На эстраде, среди музыкантов, топчется некто молодой еще, но достаточно потрепанный, разболтанный в суставах, топчется и голосом гнусовато-задушевным упрашивает пианиста:
— За-ради меня, Бабек!
— Нет! — отвечает тот. — Не хочу!
— За-ради старой дружбы!
— Нет! Сказал уже!
Некто ухватывает себя за кожу на кадыке и оттягивает ее, как тряпку:
— Умоляю!
— Вот пристал! — жалуется пианист. — Не отвяжешься от него!
— Не отвяжешься, Бабек, — гнусавит некто. Наклоняется, шепчет что-то пианисту, показывает металлический рубль: — Смотри, какой новенький!
— Ладно, — сдается Бабек. — Последний раз.
Некто с размаха припечатывает ко лбу его рубль, и пианист, сдвинув брови, прихватывает ими сияющий дензнак — смертельный номер! — и с рублем, как со звездой, во лбу начинает играть.
— Безобразие! — говорит полковник Терентьев.
— Вы о чем? — интересуюсь. — О деньгах, как таковых, или о человеческом достоинстве?
— Что же это такое? — изумляется он. — Что творится?
— В мире? — спрашиваю. — Или в ресторане?
— Бросьте! — отвечает он в сердцах. — Нельзя же зубоскалить по любому поводу!
Бросаю.
Следом за пианистом электрогитары вступают, звучит та мелодия, под которую только что резвился Габо.
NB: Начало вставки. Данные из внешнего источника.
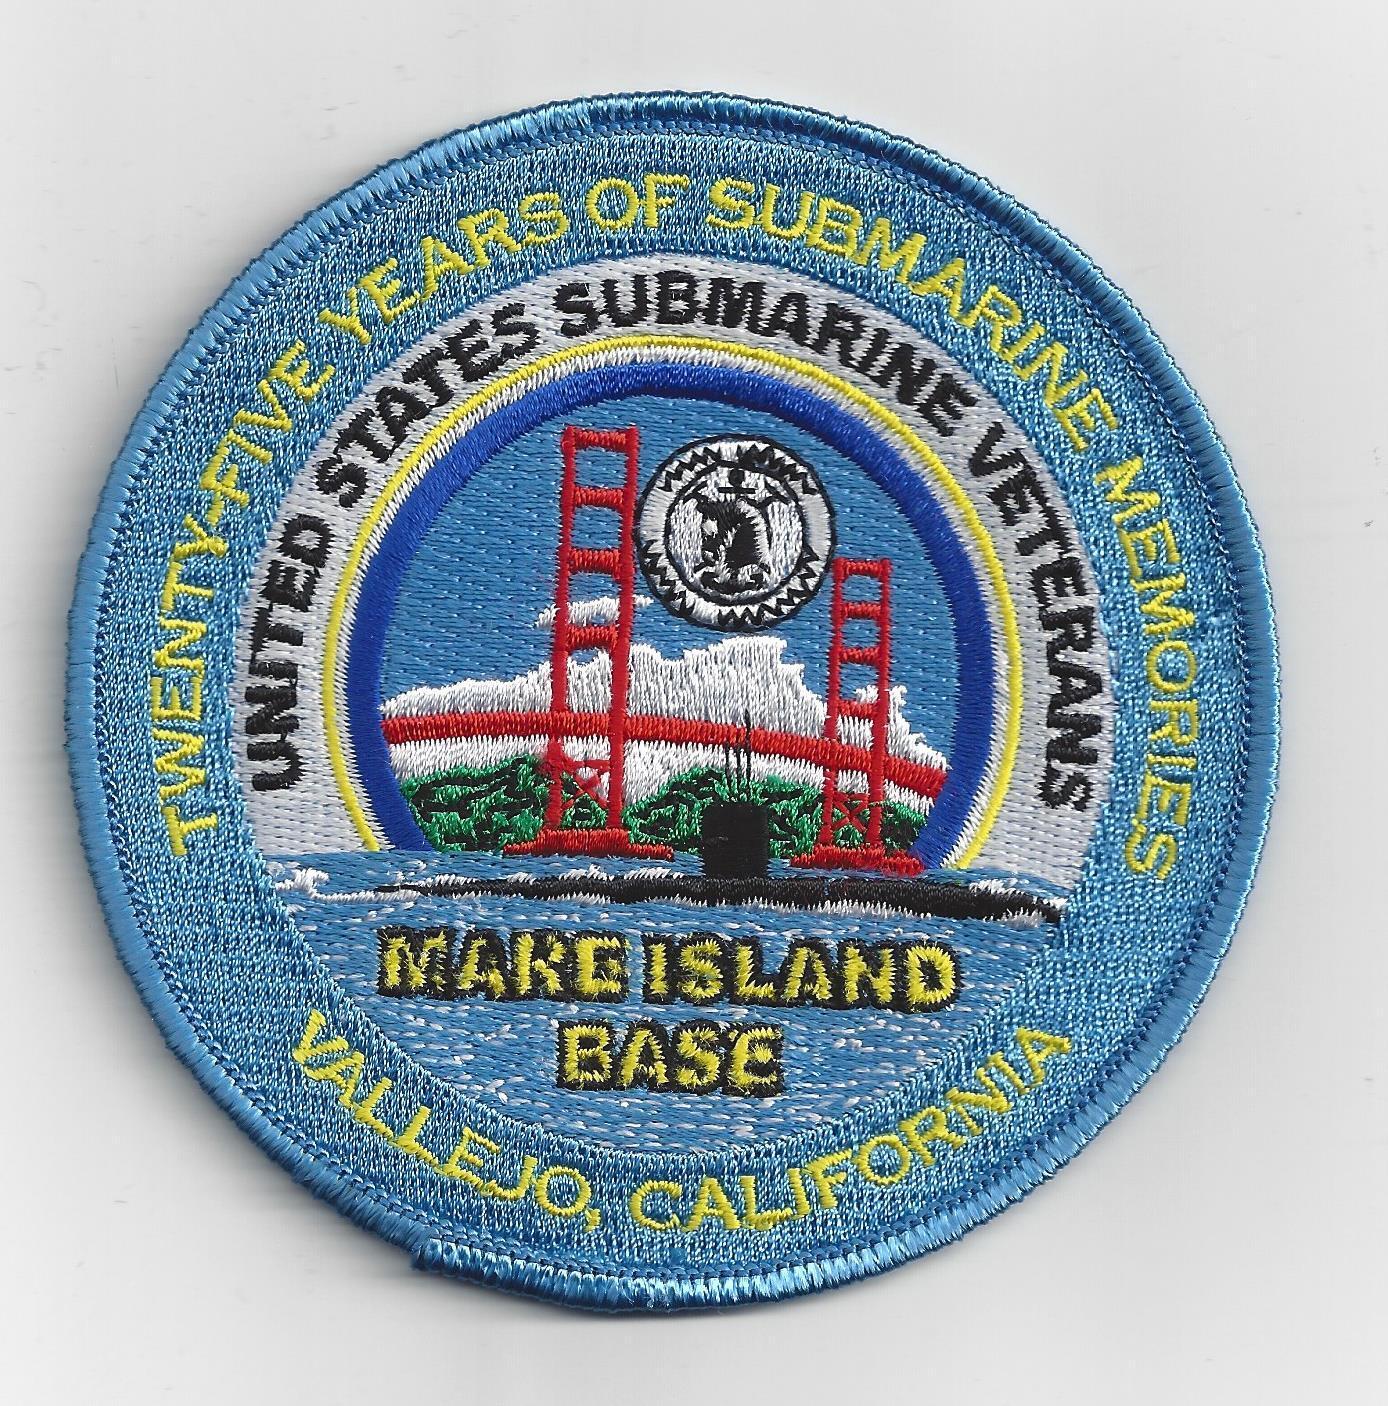 Mare Island 25 Years - USSVI - Submarine - BC Patch - Cat No. C7228

Некто неуклюже спрыгивает с эстрады и грациозно вдруг, и как-то женственно прохаживается, танцуя, по площадке, посылает кому-то, сидящему в глубине зала, воздушные поцелуи, поглядывает глазом блудливым на окружающих — каков, мол, я?! красавец! — и, восприняв эти причудливые па как оскорбление, ингуши срываются со своих мест и выскакивают на площадку, и, восприняв появление их как вызов, встают из-за стола Габо, Берт и Заур, и некто, лишившись пространства, уходит, недовольно ворча, а Бабек, дипломат великий, уже не осетинскую мелодию играет, но и не ингушскую, а общую для всех, нейтральную лезгинку, и два ингуша и Заур с Бертом хлопают в одном ритме, но каждые для своего танцора, и темно-синий, пуговиц золотых сверкание, закидывается на спину чуть ли не до самого пола, гибкий, как лоза, и выпрямляется пружинисто, давая понять, что в первый раз не предполагал соперничества, но уж теперь-то покажет, на что способен, а Габо смеется в ответ, артист этакий — разве дело в соперничестве? радость в самом танце! — и ему нельзя не поверить, и, соблазнившись, Берт и Заур разом пускаются в пляс, и темно-синий останавливается, возмущенный, — нарушены правила! трое на одного! — ах, ничто не нарушено, уже весь зал, не жалея ладоней, хлопает танцующим, и музыканты входят в раж — темпо! темпо виваче! — и рубль срывается с потного лба пианиста и падает без стука, словно из воздуха сделан, словно не материален.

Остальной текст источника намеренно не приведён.